Sconfitte per il Galatina e il Copertino. I biancostellati, perdono 2-1 (goal di Fanigliulo) sul campo del Sud Est, mentre i rossoverdi vengono travolti dal Molfetta per 4-2 (Rizzello e Di Santantonio). In graduatoria hanno rispettivamente 7 mentre e 5 punti. Il prossimo turno vede: Galatina-Manduria e Copertino-Ascoli Satriano.

Promozione

Continua a soffrire il favorito Levercalcio (il Leverano), che rimanda ancora una volta l’appuntamento con la vittoria. I bianconeri, soffrono molto sul campo del Fragagnano e pareggiando 1-1, conquistano un punto che per come è andata la gara, sembra valere come una vittoria. Resta l’amarezza di un organico costruito per migliorare il cammino positivo della scorsa stagione, ma che al momento non riesce ad esprimere il suo reale valore.

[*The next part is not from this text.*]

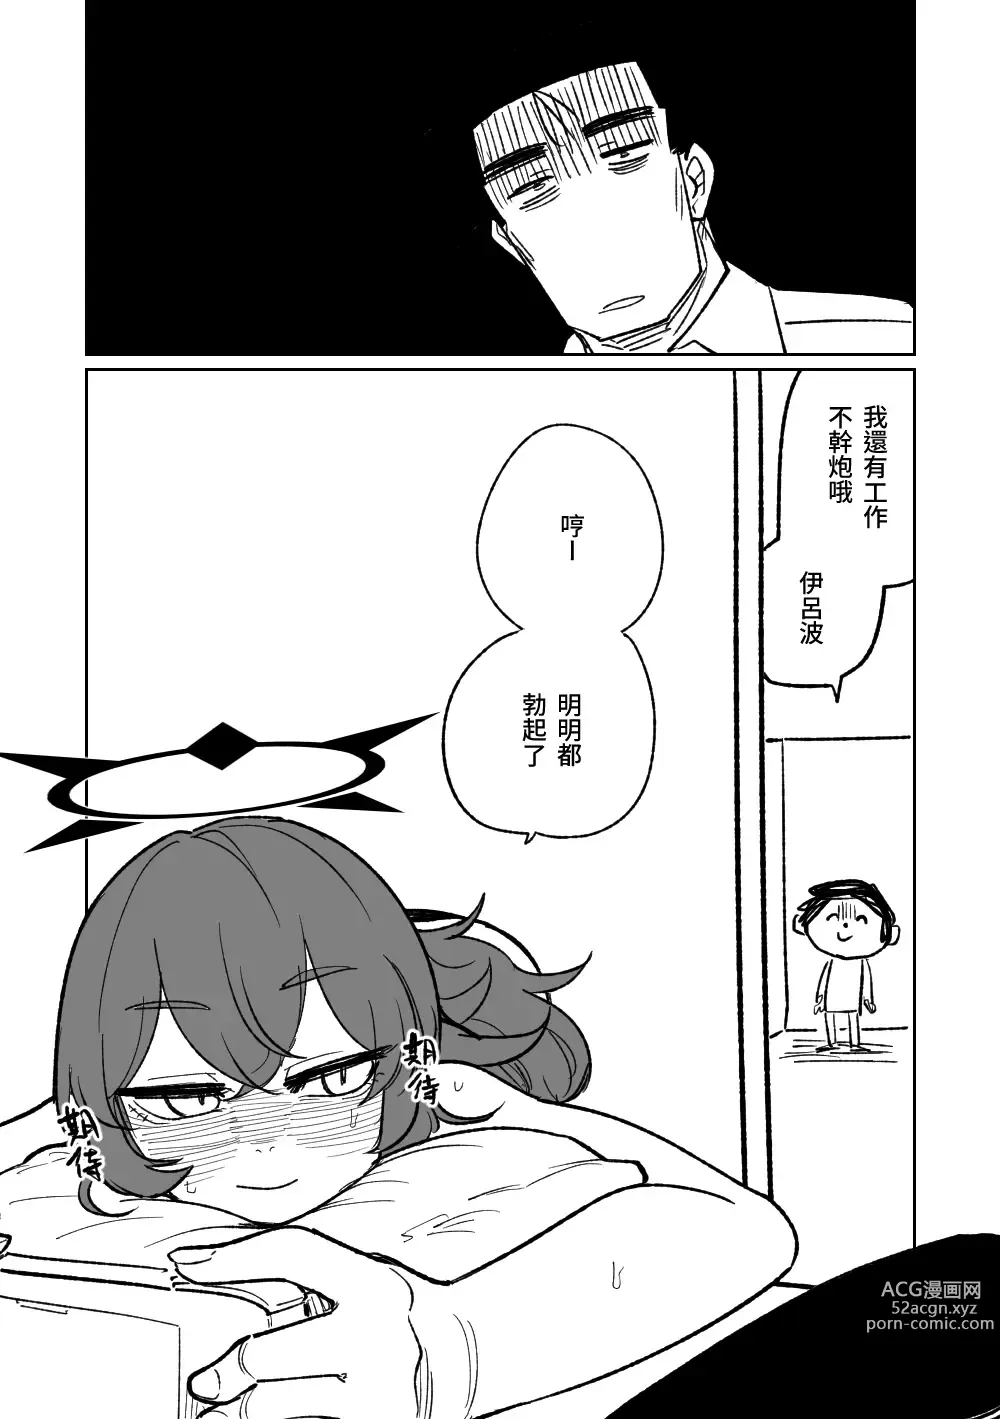 Page 6 of doujinshi 壁尻

Dopo due pareggi consecutivi, il San Cesario batte fra le mura amiche per 2-1, l’Otranto di Salvadore, che impatta dopo tre vittorie (due consecutive) e un pareggio, tra campionato e Coppa Italia. I padroni di casa, fanno quindi un colpaccio, conquistando tre punti contro una squadra che fin qui aveva ben figurato, lasciando anche pensare che potrebbe essere una rivelazione di questo campionato.

Va al Maglie, l’altro derby salentino della giornata. La squadra di Portaluri ha sconfitto per 3-1 il Lorenzo Mariano Scorrano in trasferta, e si porta in testa alla classifica con 6 punti in compagnia di Otranto e Carovigno.

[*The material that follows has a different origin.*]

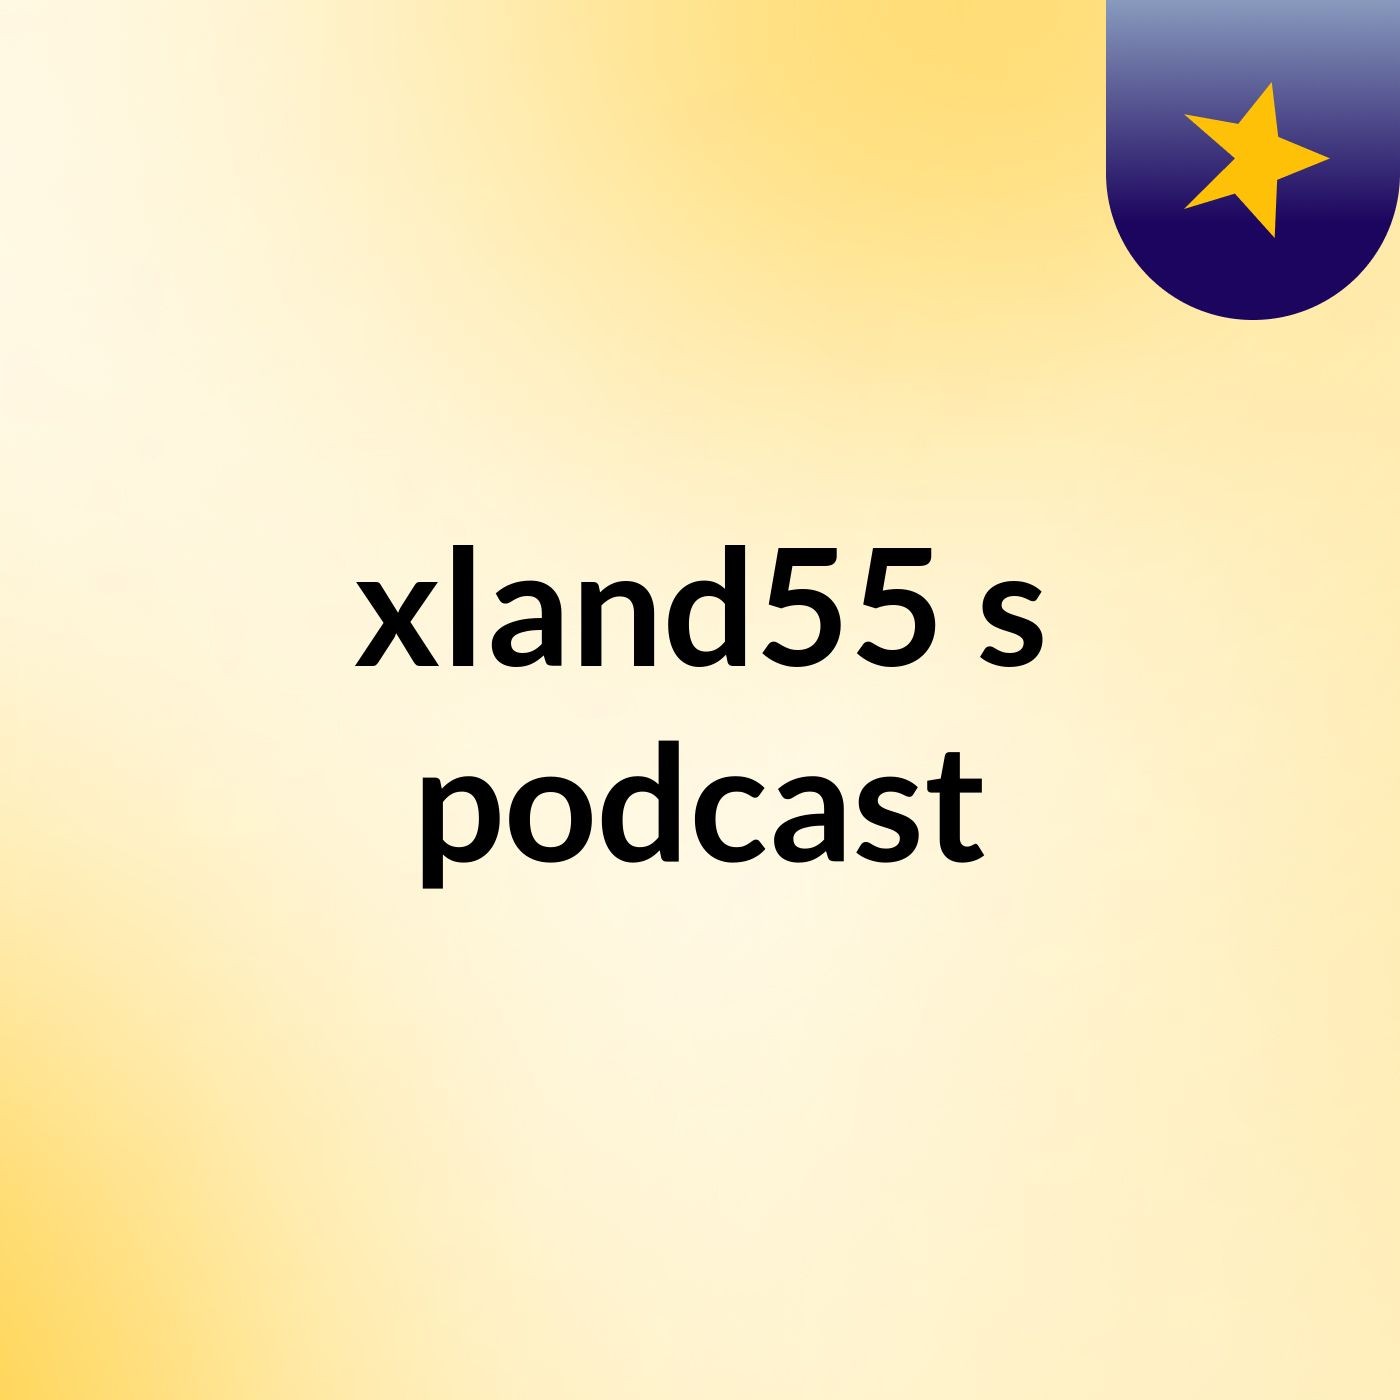 xland55's podcast

Il Tricase, pareggia 2-2 al “via olimpica” contro il San Vito. Risultato che sa di rammarico per il team di Rocco Errico, che dopo i tre punti conquistati ad Avetrana, stava centrando la seconda vittoria consecutiva, in quanto a un quarto d’ora dalla fine vinceva 2-0. Salvo farsi raggiungere, dagli ospiti a causa di due disattenzioni difensive che hanno provocato il goal del 1-2 e un fallo da cui è scaturito un rigore cha ha permesso ai brindisini di pareggiare.

Punto importante quello conquistato dal Novoli sul difficile campo di Lizzano (0-0) e sconfitta di 2-0 per il Galatone di Oscar Greco in casa del Puglia Sport.

Domenica la quarta giornata, vede in programma un altro derby salentino: Novoli-Tricase.